Student assessment trends: A brief history and a bright future
vice president and chief psychometrician, Renaissance
Assessment is a valuable complement to instruction. It tells us who has learned and who hasn’t so educators can determine what’s most likely to help a student grow and succeed in the future.
With nearly half a century invested in psychometric research—the study of educational and psychological measurement—I think it’s important to look back at the development of modern assessments to see what trends are likely to shape and improve assessment and instruction in the future.
A brief history of adaptive testing
I happened to attend the University of Minnesota at a fortuitous time for an aspiring psychometrician. My graduate school mentor, David Weiss, was a counseling psychologist. Counselors rely heavily on psychological tests, which led Weiss to become an expert in test theory and practice, and to found the Psychometric Methods graduate degree program at the university. It was 1971, and Dr. Weiss was exploring the use of computers to administer aptitude tests and vocational interests.

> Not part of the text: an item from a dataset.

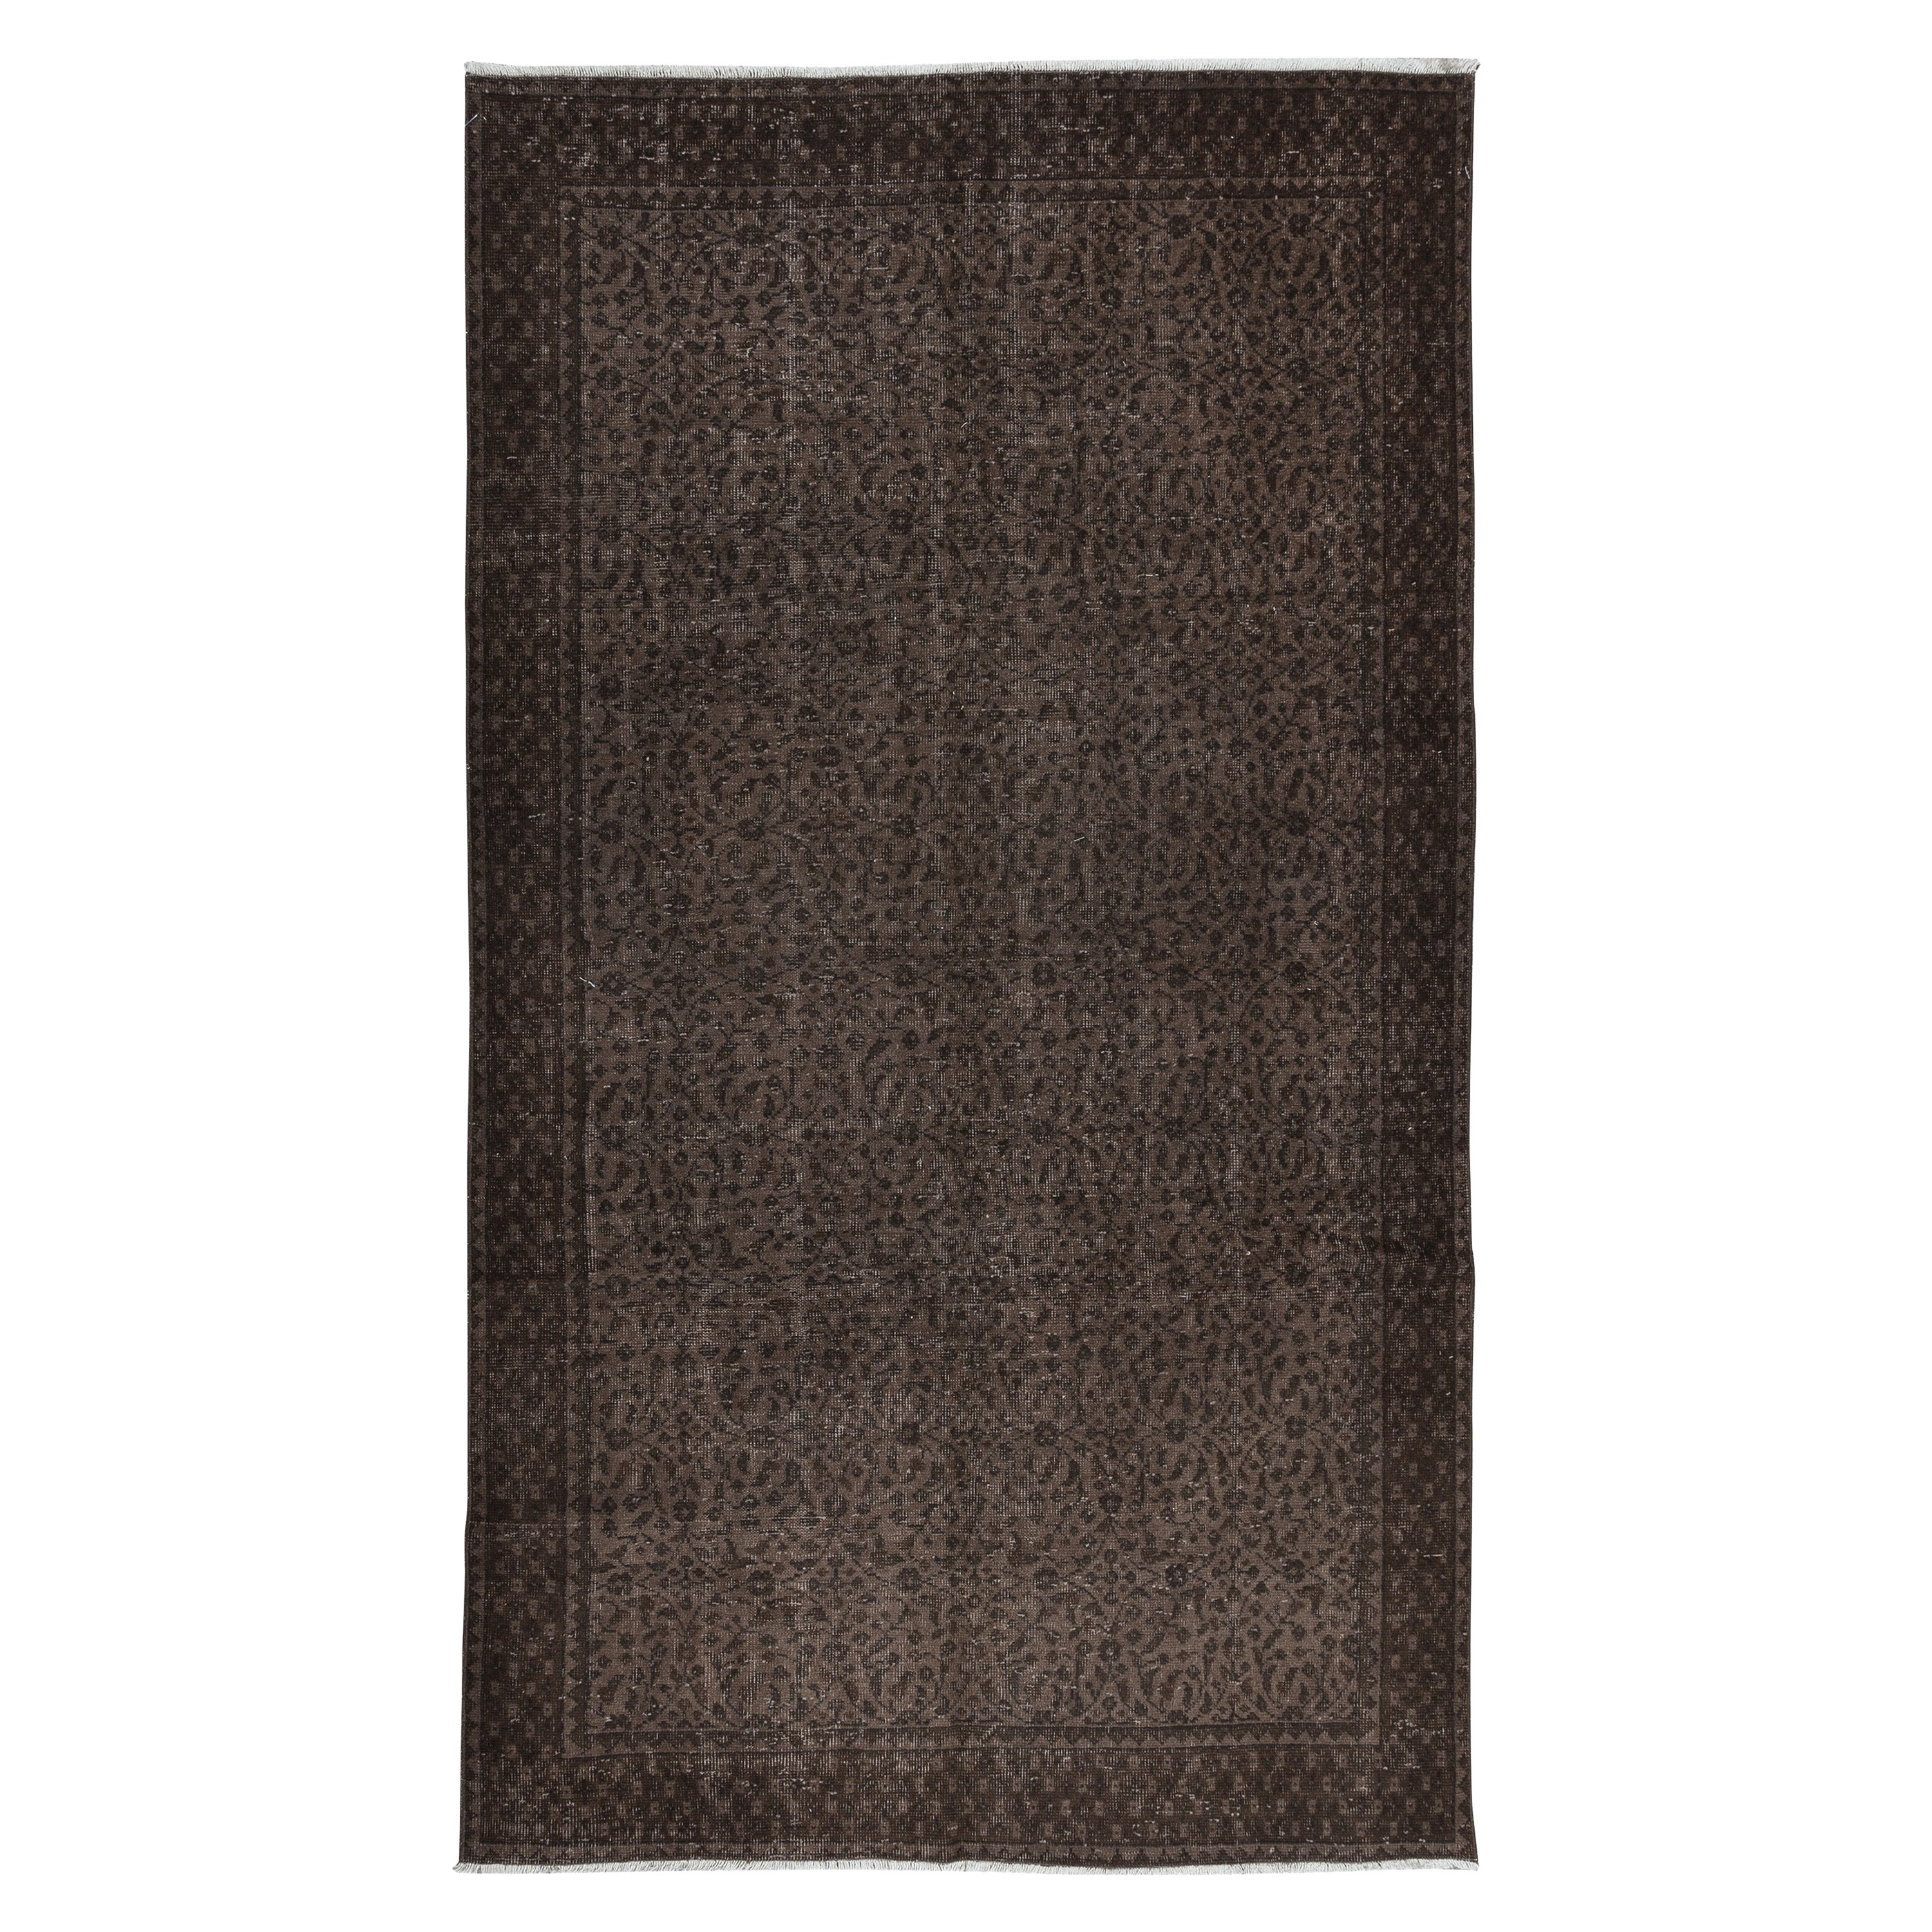 5.4x9 Ft Handmade Brown Floral Area Rug aus der Türkei, Modern Turkish Wool Carpet

As I joined the graduate program, Weiss was in final negotiations with the Office of Naval Research on a contract to research computerized adaptive testing (CAT), which was more of a concept than a reality at the time. I was lucky enough to be invited to join the team. I believe he chose me because I had independently conceived of what is now called adaptive testing—not realizing people had already begun researching and even practicing it—in my graduate school application.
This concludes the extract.